Week 1 - Descriptive Statistics: Principles of Data Cleaning and Organization
Introduction to Descriptive Statistics and Data Management
- Definition and Importance of Descriptive Statistics: Descriptive statistics is the process categorized by moving from raw data to organized information. This transformation is essential for effective data analysis in industries such as hospitality and tourism.
- The Data Narrative (Visual Case Studies):
- Cruise Industry Turbulence: In Q2 2019, the revenue for major cruise lines (including Carnival Corporation & PLC and RCCL) was approximately $4.84b. By Q2 2020, revenue plummeted to $0.1b, representing a decrease of approximately −85%.
- Hotel and Resort Industry Market Size:
- The global market size in 2013 was approximately $0.97Trillion.
- By 2019, the market grew to $1.478Trillion.
- In 2023 (estimate), the market size was $1.21Trillion.
- Projections for 2030 (estimate) suggest a market size of $1.5Trillion.
- Hotel Distribution Channels: gross bookings in the global hotel industry involve a complex mix of direct channels (online and offline), online travel platforms, offline travel agents, and wholesale. Recorded values include segments at $570b, $400b, and $310b.
- COVID-19 Impact on Tourism: International tourism saw significant declines due to the pandemic and border closures. For example, in the Americas, international tourist arrivals decreased by −55% through June 2020.

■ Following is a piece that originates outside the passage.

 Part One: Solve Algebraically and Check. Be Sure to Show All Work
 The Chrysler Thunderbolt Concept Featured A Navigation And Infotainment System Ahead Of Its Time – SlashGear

- Airlines Sector Performance: Financial metrics for airlines such as Delta and Southwest include figures like $5.9b, $1.5b, and $1.0b related to equity and returns during the pandemic period.
Learning Objectives
- Component Identification: Students will be able to identify and explain the main components of descriptive statistics.
- Data Organization Skills: Students will be able to successfully organize categorical and numerical data into clear, structured frequency tables.
The Data Analysis Process
- Raw Data: This is the starting point of any analysis. It consists of potentially very large and messy files, such as Excel spreadsheets.
- Data Management: Before performing statistical analysis or creating graphs, data must be cleaned and organized. Essential steps include:
- Organize: Making tables.
- Describe: Qualitative assessment of the data.
- Compute: Calculating statistical indicators.
- Visualize: Creating graphs and charts.
- Instructional Lead: These techniques are outlined by Pr. Petar Zivkovic.
- Data Cleaning Definition: The process of fixing or removing incorrect, corrupted, duplicate, or incomplete data. Working with incorrect data leads to unreliable results and poor decision-making.
- Data Transformation Definition: This process converts data from one format or structure into another (e.g., normalizing values, changing data types, or aggregating data). Transformation focuses on preparing cleaned data for analysis/modeling rather than fixing errors.
- Steps to Clean Data:
- Remove Duplicates: Ensures the same observation is not counted multiple times.
- Fix Errors: Correcting typos and ensuring consistent naming and capitalization.
- Filter Unwanted Outliers: Remove clear mistakes; however, the analyst must evaluate whether extreme but valid values should remain in the dataset.
- Handle Missing Data: Deciding whether to delete affected rows/columns or fill in missing values appropriately.
- Validate: Ensuring that the cleaned data makes sense through logic checks, range checks, and category validation.
Organizing Categorical Data
- Standard Procedures: For categorical data, the following six steps are used to create structured information:
- List Unique Categories: Identify each distinct value or define classes.
- Count Occurrences: Determine the frequency of each value.
- Absolute Frequency (ni): Record the exact number of occurrences per category.
- Relative Frequency (fi): Calculate the proportion or percentage, where fi=nni.
- Cumulative Frequency (Fi): Add successive frequencies iteratively up to 100%.
- Present in a Table: Organize categories into columns (Category, ni, fi, Fi).
- Notation: The symbol n denotes the total sample size.
- Table Types:
- Summary Table: Used for a single categorical variable (e.g., data showing the location of 2530 hotels in Switzerland).
- Contingency Table: Used to show the relationship between two categorical variables (e.g., data showing both the Location and Operation of the 2530 hotels in Switzerland).
Organizing Numerical Data
- Challenge of Raw Numerical Data: Numerical datasets often have a wide range of values. For example, in a dataset of 2530 Swiss hotels, the number of rooms per hotel varies from 6 to 496.
- Frequency Distribution: This method summarizes numerical values by grouping them into a set of numerically ordered classes.
- Classes and Class Intervals:
- Classes are groups representing a specific value or a range (class interval).
- Mutual Exclusivity: Each value can belong to only one class.
- Collective Exhaustivity: Every value in the dataset must be contained within one of the defined classes.